La respuesta del miocardio frente a la diabetes

La diabetes (DBT) tipo 2 afecta a 143 millones de personas en el mundo, valor que quintuplica las cifras de 10 años atrás. El compromiso cardíaco, que frecuentemente se presenta como una miocardiopatía, es la principal causa de muerte entre estos pacientes. Como la DBT, la prevalencia de la enfermedad cardíaca se encuentra en franco aumento en los países occidentales. Además, la DBT, principal patología asociada en los sujetos con insuficiencia cardíaca (IC), afecta desfavorablemente la evolución de la enfermedad cardíaca. La tendencia es inequívoca: tanto la resistencia a la insulina como la IC constituyen epidemias mundiales importantes.

La hiperglucemia e hiperinsulinemia incrementan el riesgo de patología cardiovascular mortal en forma de enfermedad coronaria (EC) prematura y acelerada. La mayor prevalencia de EC en la DBT está  asociada con una constelación de factores de riesgo. Estudios clínicos y experimentales sugieren que la DBT induce anomalías bioquímicas, funcionales y morfológicas independientes de la isquemia miocárdica. La evidencia indica que la captación de glucosa está  disminuida y la de ácidos grasos se encuentra aumentada en el corazón de diabéticos. En la presente exposición los autores analizan los efectos de la DBT en el metabolismo energético y la función contráctil del corazón.

Adaptación y maladaptación del corazón en la DBT

En estudios longitudinales se ha observado que los diabéticos presentan mayor riesgo de IC congestiva. Los pacientes con DBT exhiben cambios en la estructura cardíaca atribuibles a la patología endocrina. A nivel macroscópico, la DBT se asocia con hipertrofia ventricular izquierda concéntrica y aumento de la masa cardíaca. A nivel microscópico estos sujetos presentan miocitos hipertrofiados, fibrosis perivascular e incremento de matríz de colágeno, triglicéridos celulares y lípidos de membrana. Estos hallazgos son compatibles con glucación no enzimática de las proteínas vasculares y de membrana, aumento de la captación celular de ácidos grasos y estrés oxidativo inducido por hiperglucemia, característicos de la DBT. Los cambios morfológicos, junto con las variaciones en el metabolismo del calcio miocárdico y composición de las proteínas contráctiles, afectan la función diastólica. En diabéticos, la reducción de la distensibilidad diastólica se correlaciona con la gravedad y duración de la DBT. La coexistencia de DBT, hipertensión (HTA) y EC puede conducir a IC, por lo que resulta dificultoso actuar sobre objetivos metabólicos, funcionales o estructurales específicos en el tratamiento farmacológico de la IC en diabéticos.
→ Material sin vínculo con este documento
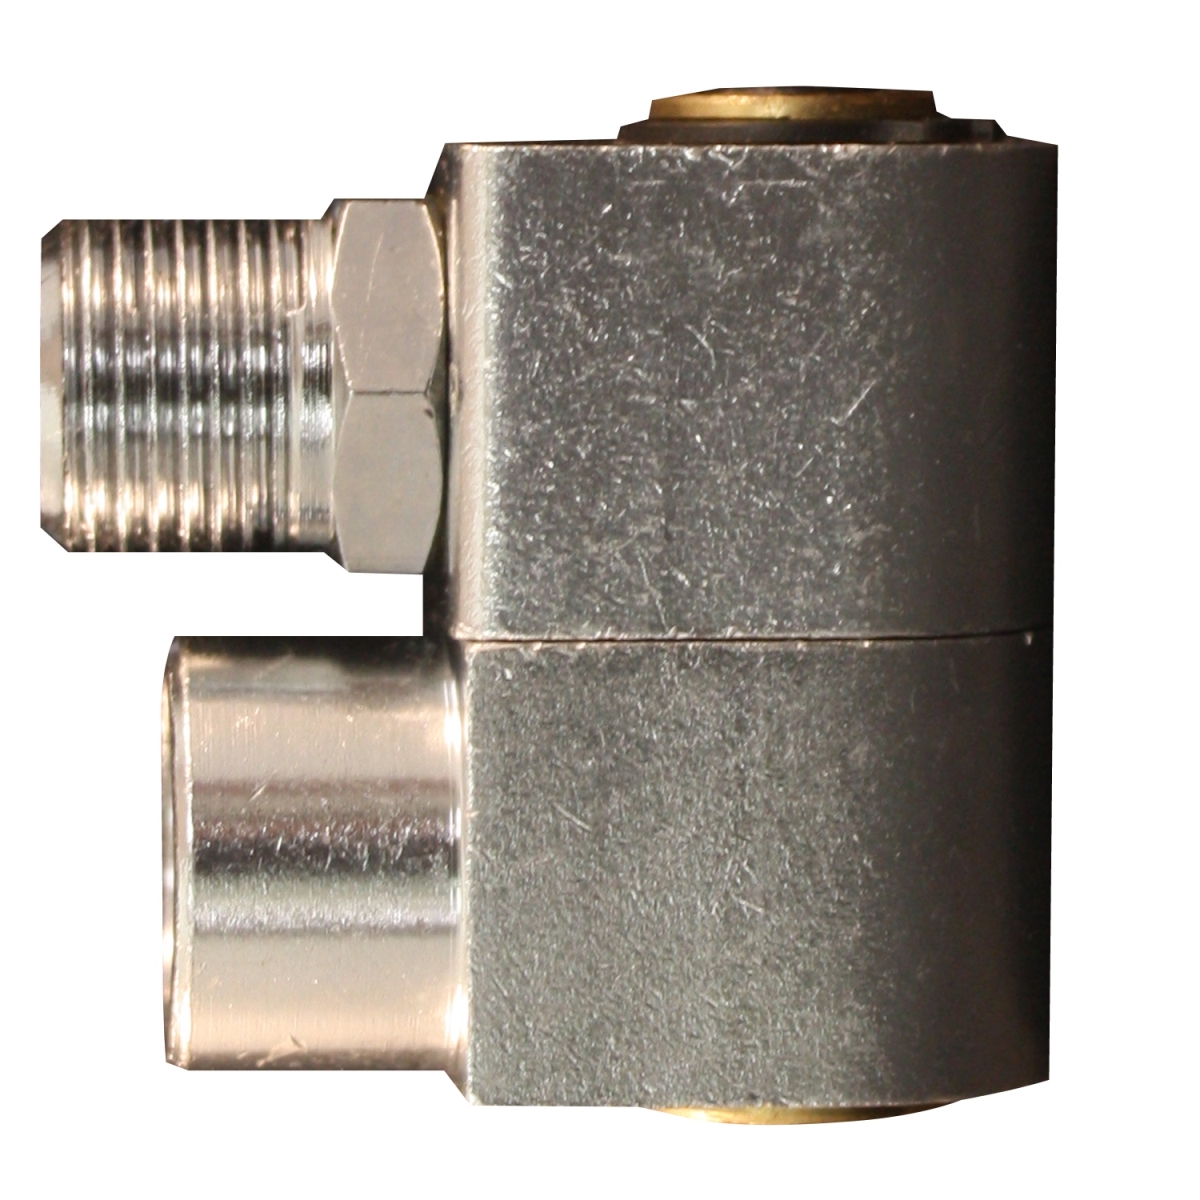 0.37 In. Npt Swivel Hose Fitting Connector

Enfermedades asociadas en la DBT

La sinergia entre EC y DBT está claramente demostrada por la gran cantidad de diabéticos incluídos en estudios trombolíticos, señalan los autores. Respecto de los no diabéticos, los diabéticos presentan alteración en el proceso de reclutamiento de reserva contráctil en segmentos no infartados, mayor reducción de la función ventricular izquierda global e incidencia superior de ICC posterior al infarto miocárdico.

La sinergia entre DBT e HTA probablemente constituya un punto más importante. Las 2 entidades están asociadas con modificaciones similares en la ultraestructura cardíaca, expresión genética y función diastólica, y sus efectos son independientes y sinérgicos. En diabéticos el desarrollo de HTA puede iniciar la transición entre la miocardiopatía compensada/hipertrófica y la dilatada/descompensada. Por último, la nefropatía diabética es una de las enfermedades asociadas más importantes, y comparte ciertas características con la patología en retina.
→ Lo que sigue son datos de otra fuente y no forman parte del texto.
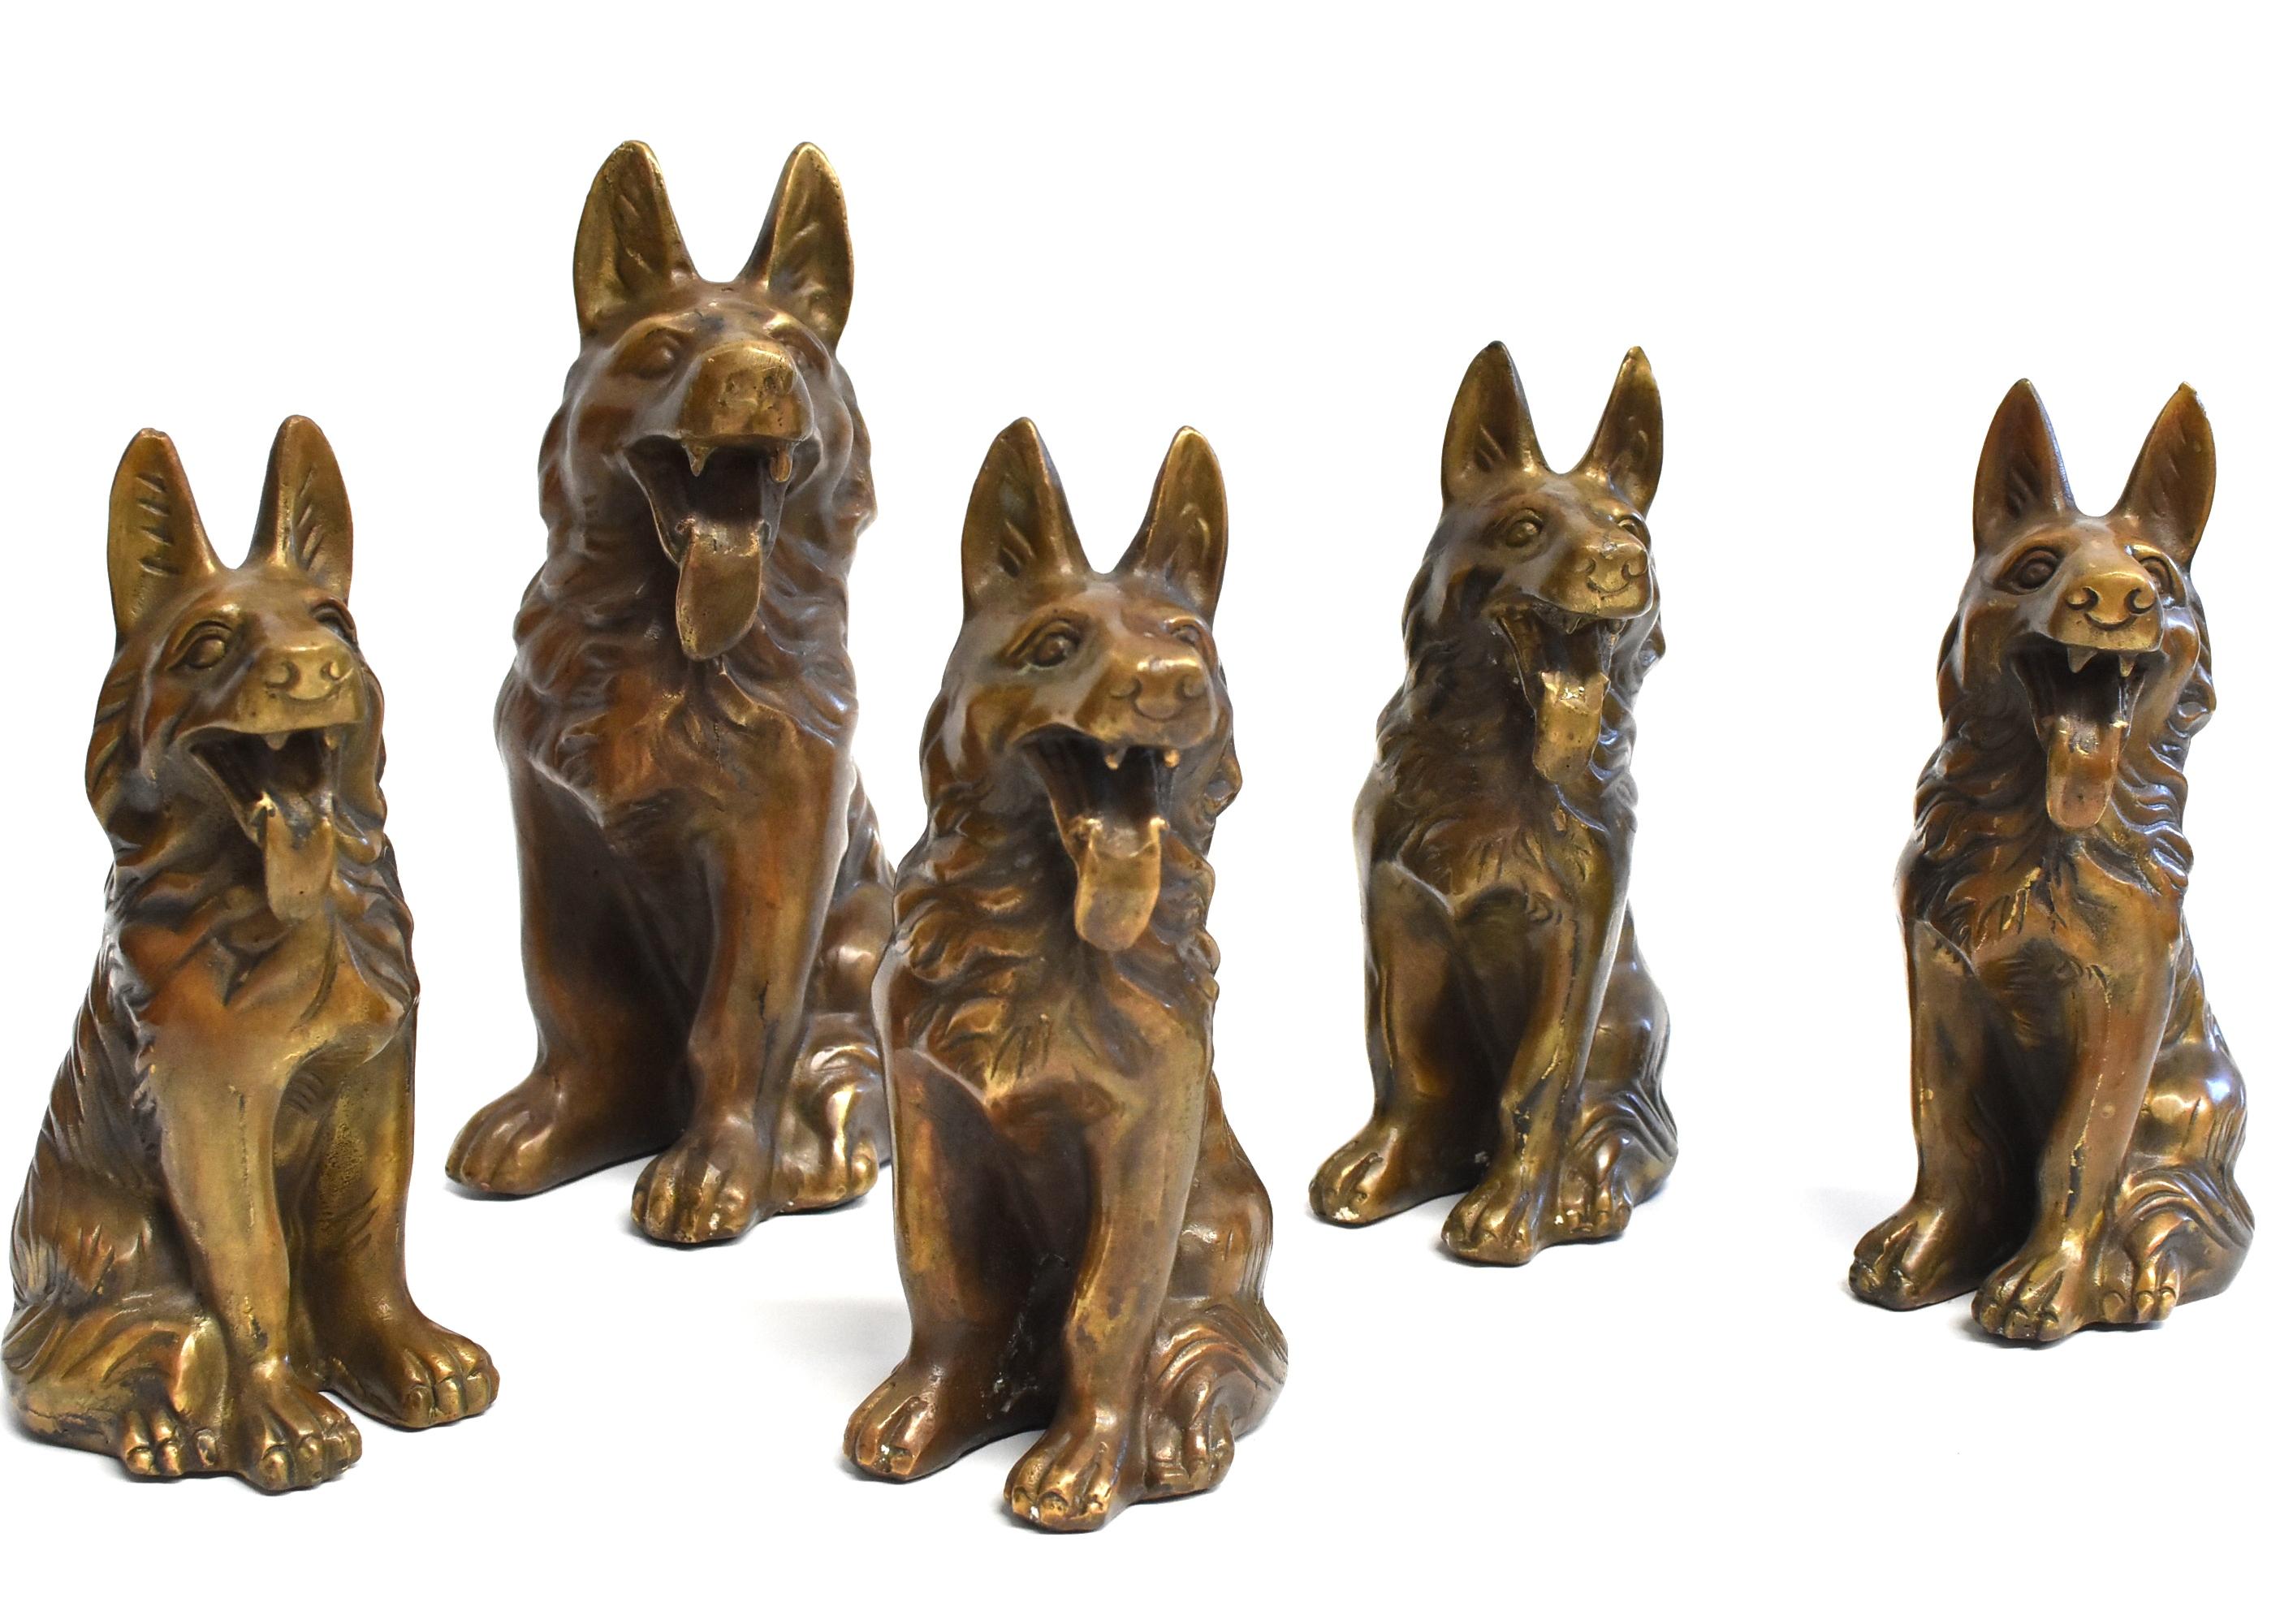 A wonderful set of brass dogs, German Shepherds. Vivid and expressive, with well defined facial features and hair. There are 1 large dog and 4 medium size dogs. These pieces are great as a groups of sculptures and paperweights. Large: 5.25

Selección de sustrato y acción de insulina en corazón y músculo esquelético

La captación de glucosa por el músculo cardíaco y esquelético está  determinada por las concentraciones locales de insulina y la intensidad del ejercicio/contracción. Los ácidos grasos no esterificados (AGNE) modulan el transporte de glucosa mediado por la insulina mediante la inhibición de la oxidación de la glucosa y del piruvato. Por otra parte, la insulina aumenta la captación de glucosa mediante el incremento de la translocación del transportador de glucosa (GLUT) 4 y la inhibición de la liberación de AGNE del tejido adiposo. El aumento de los AGNE presente en la DBT altera el transporte de glucosa mediado por la insulina mediante la inhibición de los sustratos del receptor de insulina (RI) y de la proteinquinasa B.